Più di un mese e mezzo di massima allerta nel nord Israele. I media e la popolazione, sopraffatti da una enorme mole di notizie diverse, se ne dimenticano ma i militari, gli ufficiali, i membri della intelligence israeliana sanno che prima o poi la vendetta di Hezbollah per l’uccisione di un importante agente avvenuta a luglio a Damasco e attribuita a Israele, arriverà.
Anzi, a dire il vero ci hanno già provato almeno due volte. La prima quando Hezbollah ha inviato tre combattenti oltre il confine per aprire il fuoco su un avamposto ad Har Dov (Shaba Farms), Israele ha lanciato un “attacco di avvertimento” aereo, quindi gli intrusi si sono affrettati a tornare oltre il confine. La seconda quando alcuni cecchini hanno preso di mira un gruppo dell’intelligence israeliana vicino al kibbutz di Manara, anche in quel caso messi in fuga dalla reazione dei militari di Gerusalemme.
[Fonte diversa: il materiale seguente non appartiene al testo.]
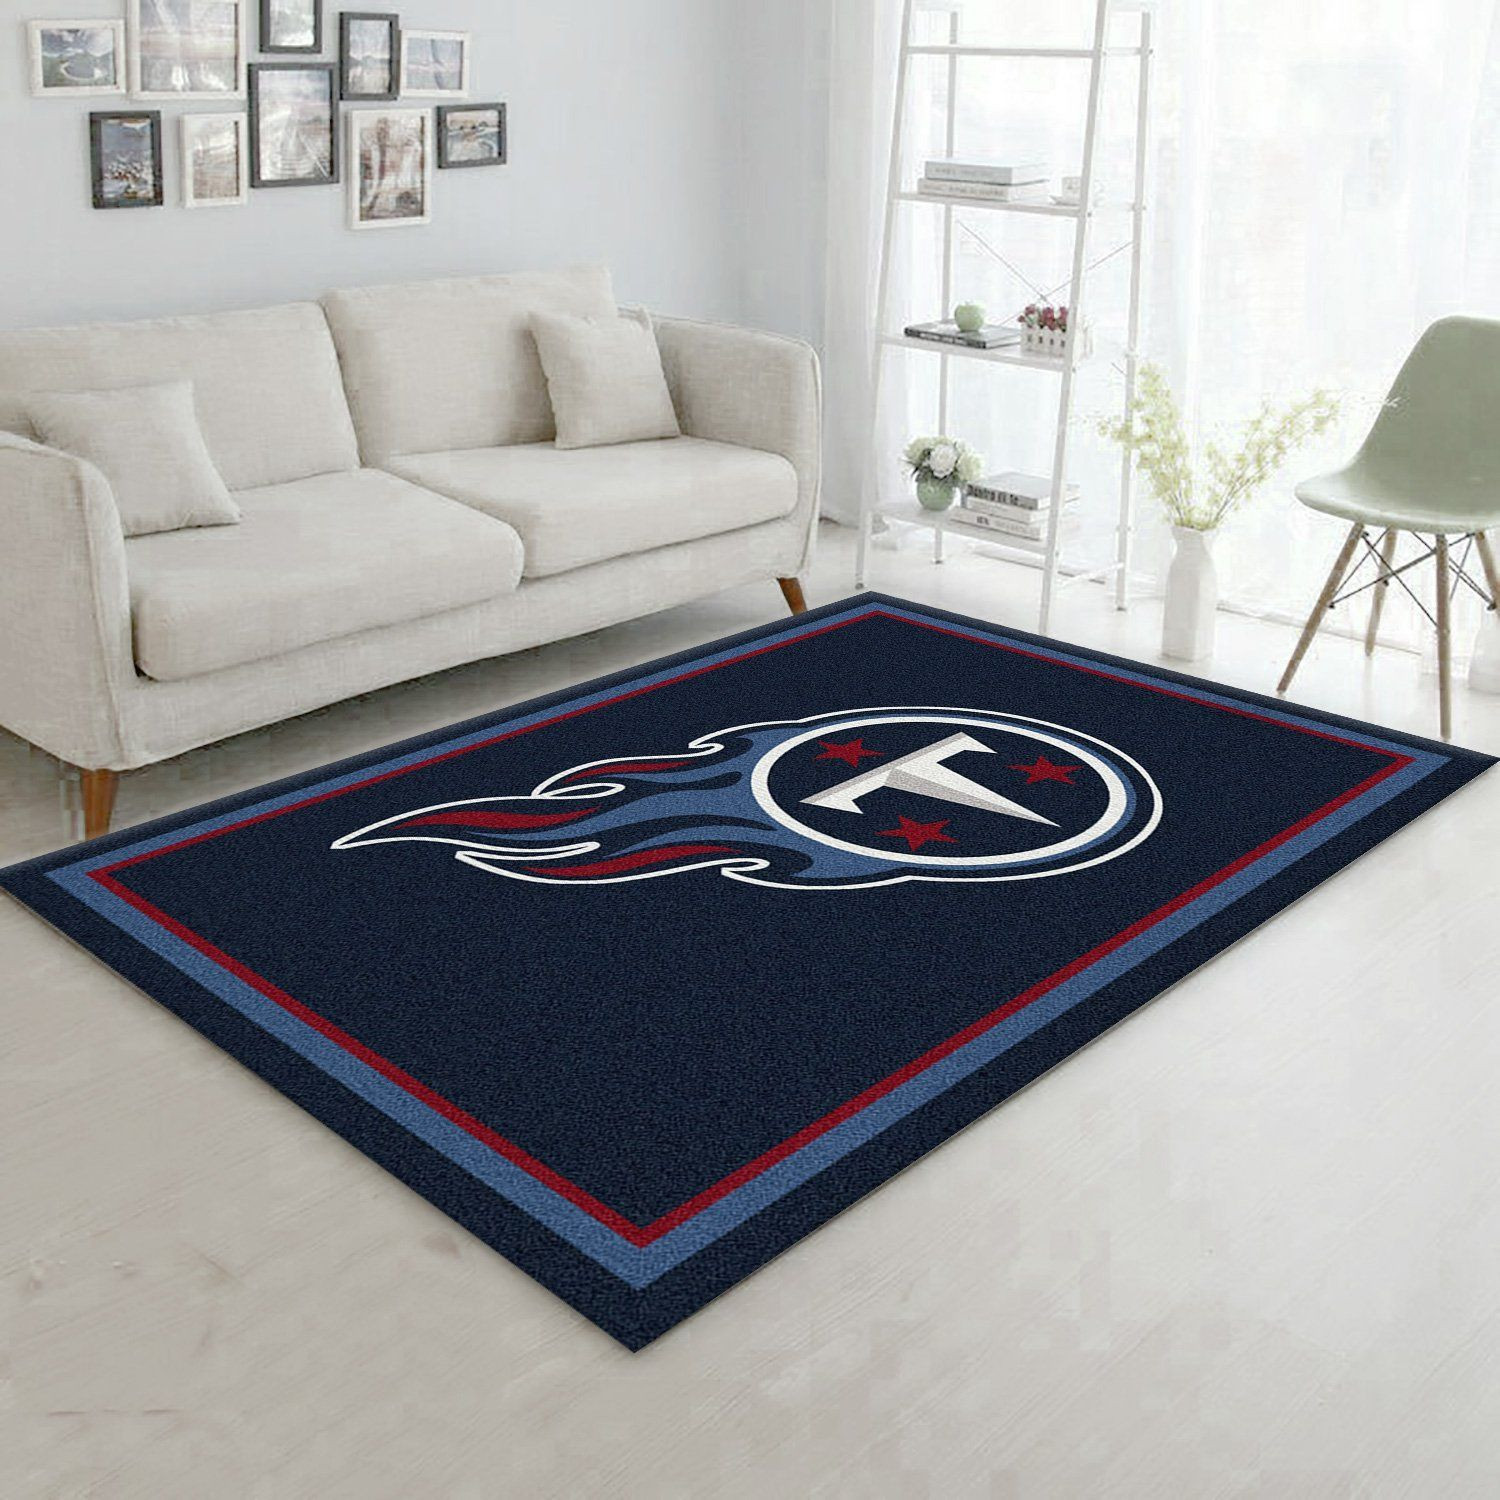 Nfl Spirit Tennessee Titans Area Rug For Christmas, Bedroom Rug, Home US Decor - Indoor Outdoor Rugs 2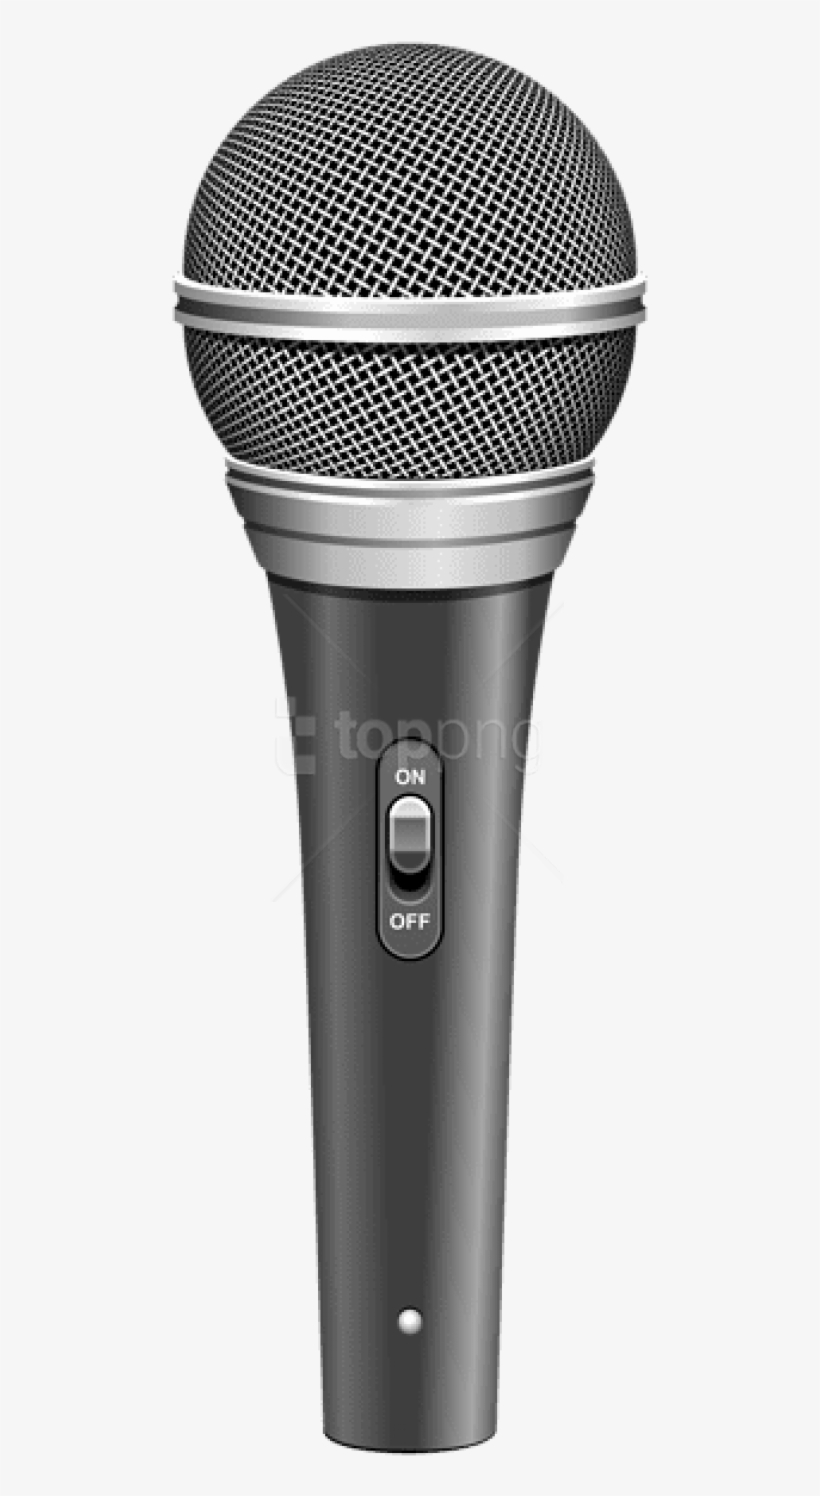 Free Png Microphone Png Png Images Transparent - Clipart Microphone Png, transparent png #9291068

Ma il capo di Hezbollah, Hassan Nasrallah, vuole la sua vendetta a costo di scatenare una guerra. Vuole uccidere almeno un soldato israeliano prima di ordinare il ritorno alla calma al confine tra Libano e Israele.
In un breve discorso via radio tenuto ieri Nasrallah ha negato che gli israeliani avessero sventato i due tentativi di vendetta. Tuttavia si è detto molto felice del fatto che lungo il confine i militari di Gerusalemme siano costretti a vivere in costante allerta.
Ed effettivamente la vita dei militari israeliani lungo il confine nord non è affatto facile. Costantemente in stato di allerta e senza un attimo di respiro.
Secondo un noto giornale israeliano l’Iran avrebbe vivamente sconsigliato a Nasrallah di andare verso una escalation con Israele, ma sembra che il leader di Hezbollah non voglia sentire ragioni e ha ricordato agli alleati iraniani che anche loro stanno tramando la loro tremenda vendetta contro gli Stati Uniti per l’uccisione di Qassem Soleimani. Iran ed Hezbollah non dimenticano.